1NF, 2NF, 3NF each eliminate different types of duplication.
They all aim for the same goal: "One fact in one place." After accepting this principle, database design became much clearer for me. When pondering "where should I store this information?", asking "what does this information depend on?" gave me the answer.
Customer name depends on customer ID → Customers table.
Product price depends on product ID → Products table.
Grade depends on the combination of student ID and course ID → Enrollment table.
Thinking this way, table design naturally organized itself.
Normalization gave me the realization that "a database is not Excel." In Excel, you put all information in one sheet and manage it with filters and sorting. But databases are different. Relational databases should be designed around "relationships." Each entity exists independently and is connected by foreign keys.

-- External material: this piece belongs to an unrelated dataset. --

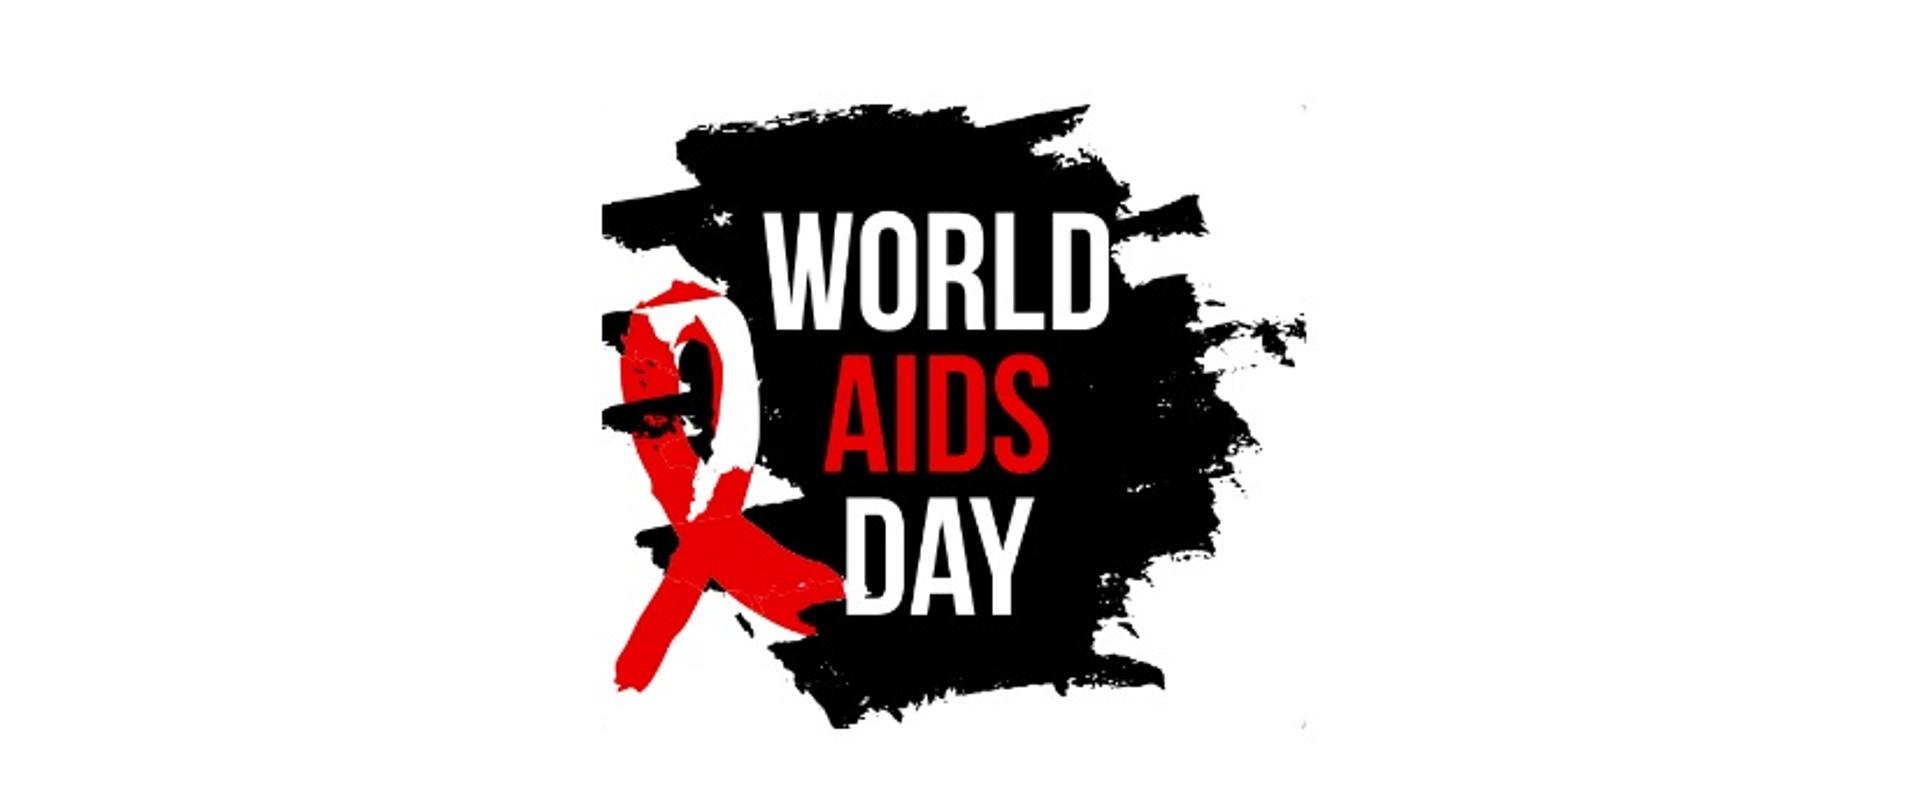 Grafika przedstawia napis "World AIDS day" na czarnym tle oraz symbol - czerwoną wstążeczkę
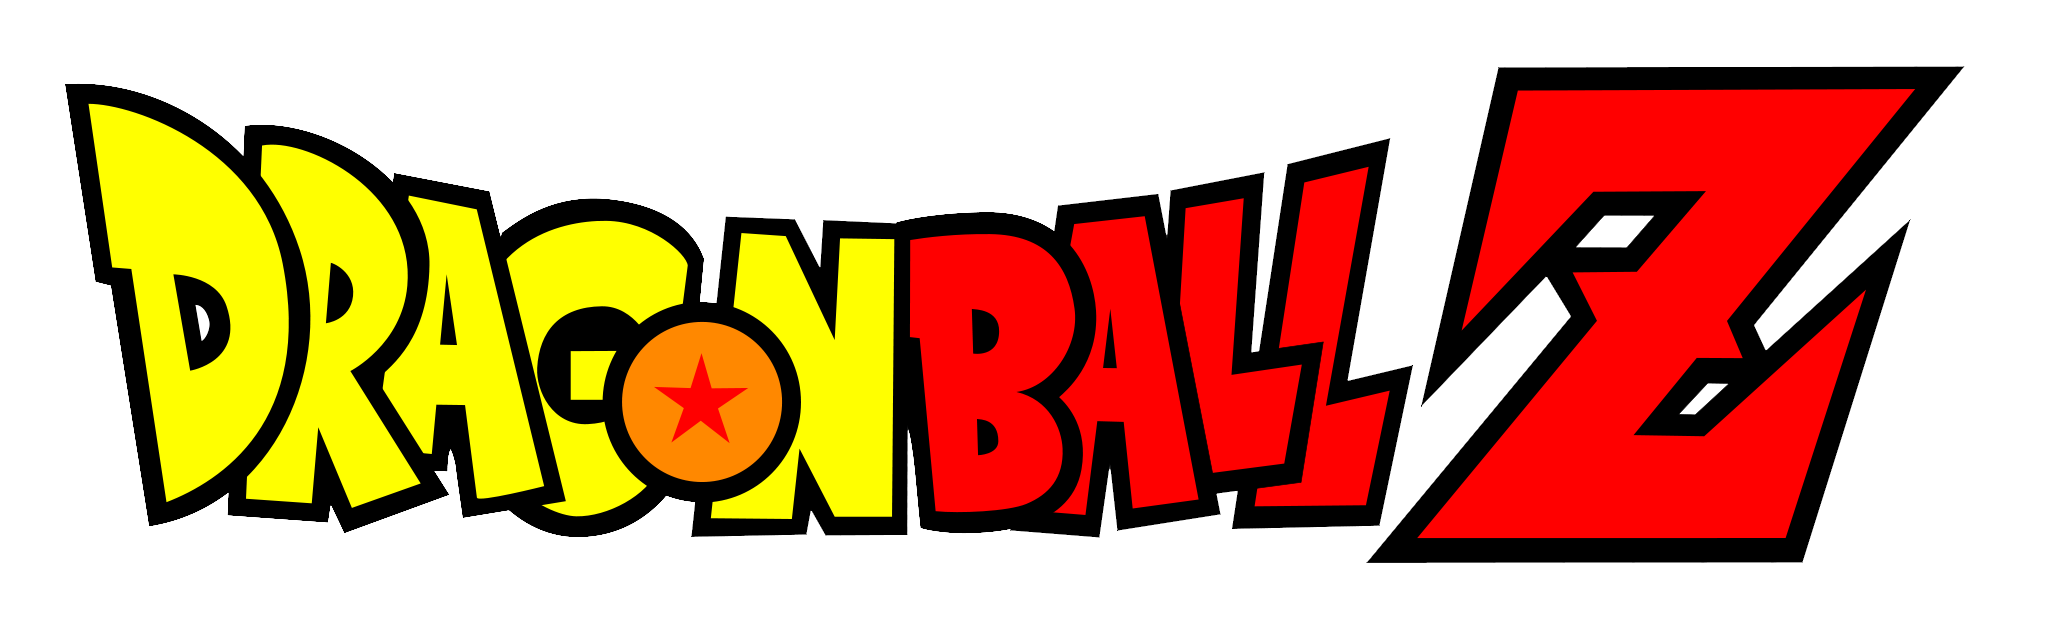 Image - Dragon Ball Z logo.png - Dragon Ball Wiki

Through normalization, I understood why anomalies occur and how to prevent them. 1NF is the foundation of relational databases, and 2NF and 3NF are methods to systematically eliminate duplication. Denormalization is a technique to intentionally allow duplication for performance, and you must consider the tradeoff between reads and writes.
In practice, you don't always normalize to 3NF. Depending on the situation, you might stop at 2NF, or apply denormalization to some tables. What's important is being able to explain "why I designed it this way." If you know normalization principles, you can break them with justification when you do.
Going forward, whenever I design a database, I'll always think about anomalies first. "Will there be problems when adding/modifying/deleting data in this structure?" If I can answer this question, the design is good.